Nextmv has added decision model operations support like:

:white_check_mark: Visualizing model outcomes in a structured format that is shareable
:white_check_mark: Comparing different parameter sets and model versions
:white_check_mark: Giving non-technical stakeholders a no-code way to test changes
:white_check_mark: Standardizing how decision models are run, tested, and iterated on

By pairing Databricks with Nextmv, you can continue developing in your familiar notebook environment while adding powerful deployment and observability layers behind the scenes.

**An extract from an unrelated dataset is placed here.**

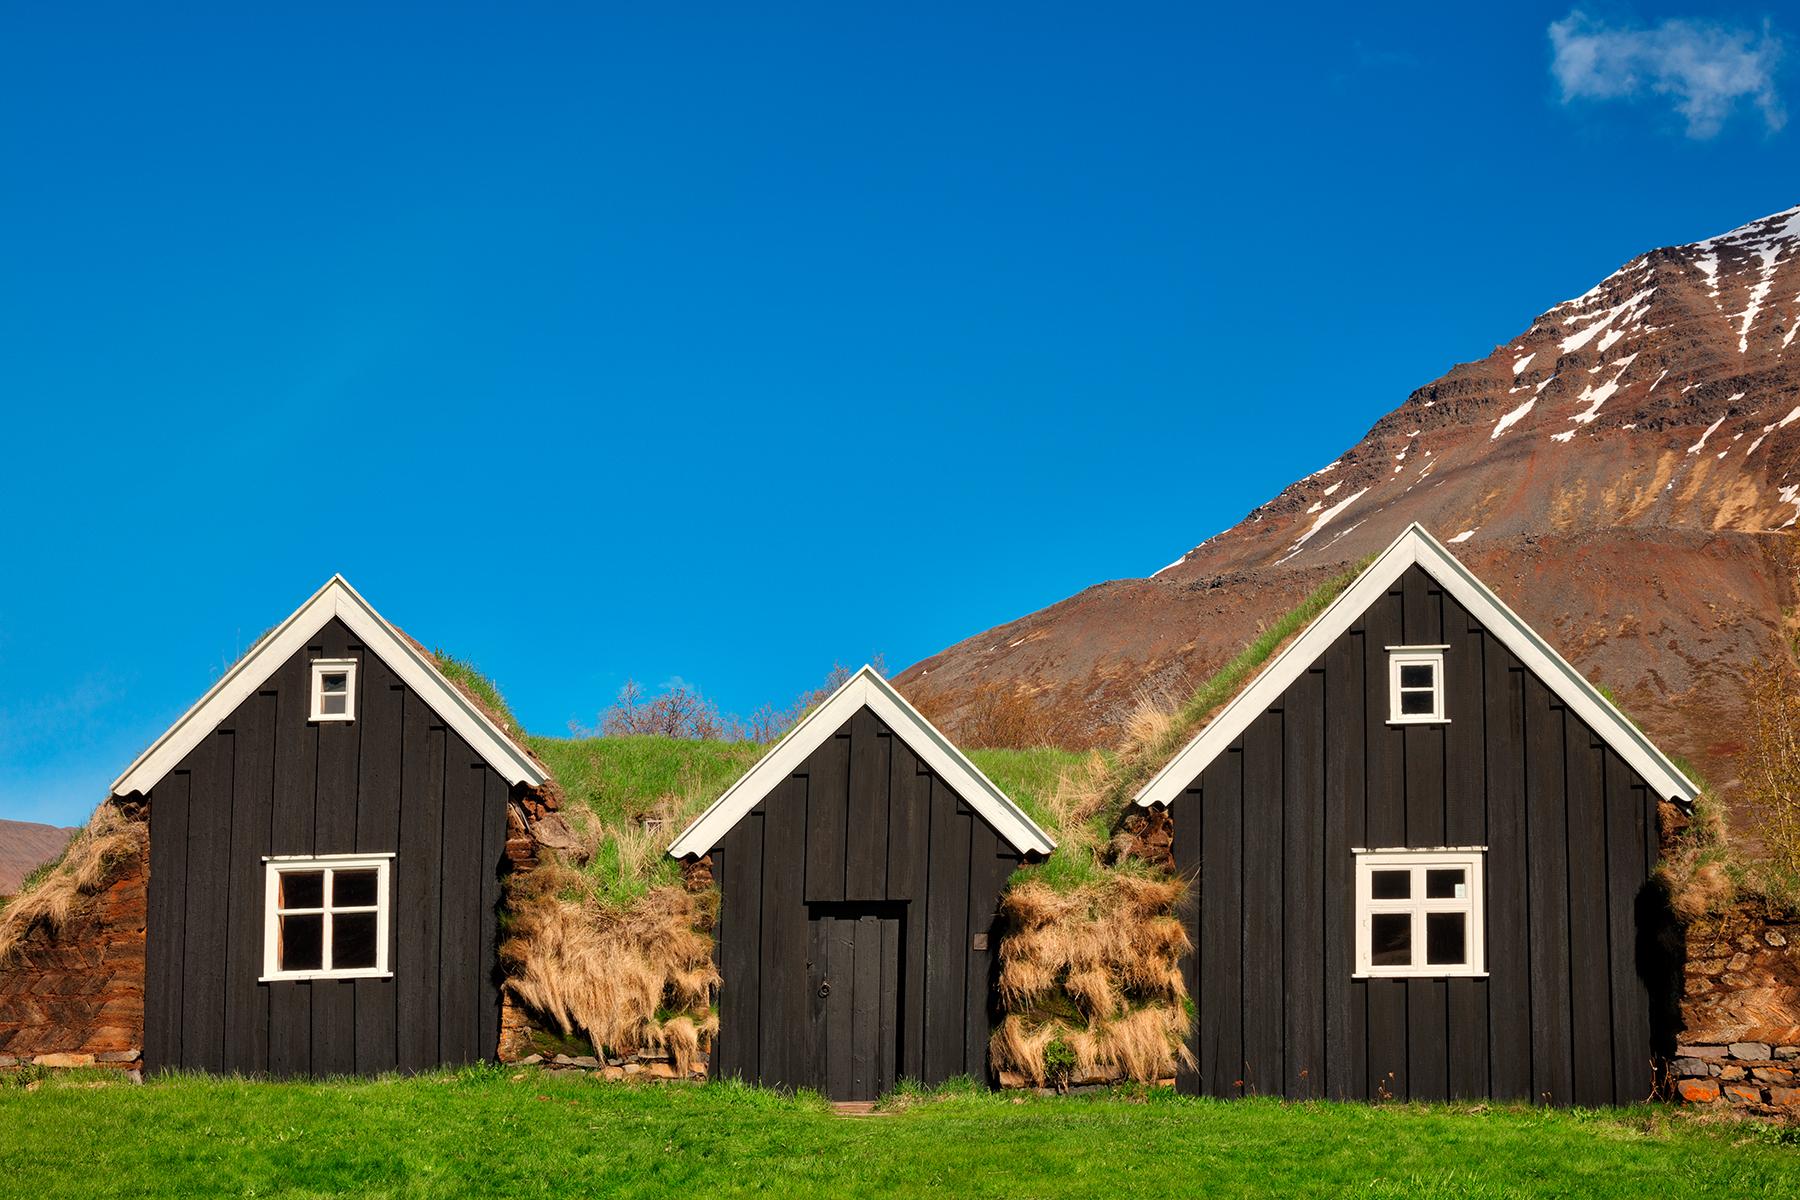 Holar Turf House, Age, Region, Scenic, Scenery, HQ Photo

You can also deploy your model code to Nextmv, manage multiple versions, and more.

:link: How it works

We define a DecisionFlow using the nextpipe library (Nextmv’s workflow engine):

  1. Step 1: Trigger a Databricks Job

    • The create_db_run step authenticates using environment variables (DATABRICKS_HOST, DATABRICKS_TOKEN) and triggers a job in Databricks using their Python SDK.
    • The job ID is passed in via a Nextmv parameter for flexibility across environments.
  2. Step 2: Retrieve Output

    • The return_result step fetches the run output once the Databricks job completes.
    • It parses the notebook’s JSON output and appends metadata (db_job_id, db_task_run_id) into the result object for traceability.
  3. Step 3: Show Output in Nextmv

    • The result is returned in a format compatible with Nextmv’s Output schema, making it instantly viewable and shareable in the Nextmv UI.

:hammer_and_wrench: Setup Requirements

  • A Databricks job ID already configured to a notebook or other workload
  • Nextmv workspace with secrets configured for DATABRICKS_HOST and DATABRICKS_TOKEN
  • Output from the notebook must be valid JSON with a structure compatible with Nextmv (e.g., containing statistics, solution, etc.)

This workflow opens up great possibilities for hybrid teams—data scientists building in Databricks and operations stakeholders consuming results via a clean, purpose-built UI.

Would love to hear how others are integrating decision tooling into their ML and data pipelines!

#DecisionOps #Databricks #Nextmv #Optimization #MLOps #Orchestration

# >>> Workflow definition
class DecisionFlow(FlowSpec):
    @step
    def create_db_run(_):
        """Creates the run on Databricks."""

        db_job_id = options.db_job_id

        # Authenticate (assumes DATABRICKS_HOST and DATABRICKS_TOKEN env vars are set as Nextmv secrets)
        w = WorkspaceClient()
        # Run the job
        run = w.jobs.run_now(job_id=db_job_id).result()
        nextmv.log(f"Created DB run with ID: {run.run_id} for job with ID: {db_job_id}")
        nextmv.log(f"Run tasks: {run.tasks}")
        return run.tasks[0].run_id

    # @app(app_id="echo")
    @needs(predecessors=[create_db_run])
    @step
    def return_result(run_id: str):
        """Gets the result of the run."""
        # Authenticate (assumes DATABRICKS_HOST and DATABRICKS_TOKEN env vars are set)
        w = WorkspaceClient()
        # Get the task run ID from the first task (if single task)
        run_output = w.jobs.get_run_output(run_id=run_id)
        nextmv.log(f"Getting output for DB task: {run_id}")
        nextmv_output = run_output.notebook_output.result
        nextmv.log("Adding DB task run ID to Nextmv output")
        result = json.loads(nextmv_output)
        result["statistics"]["result"]["custom"]["db_task_run_id"] = run_id
        result["statistics"]["result"]["custom"]["db_job_id"] = options.db_job_id
        return result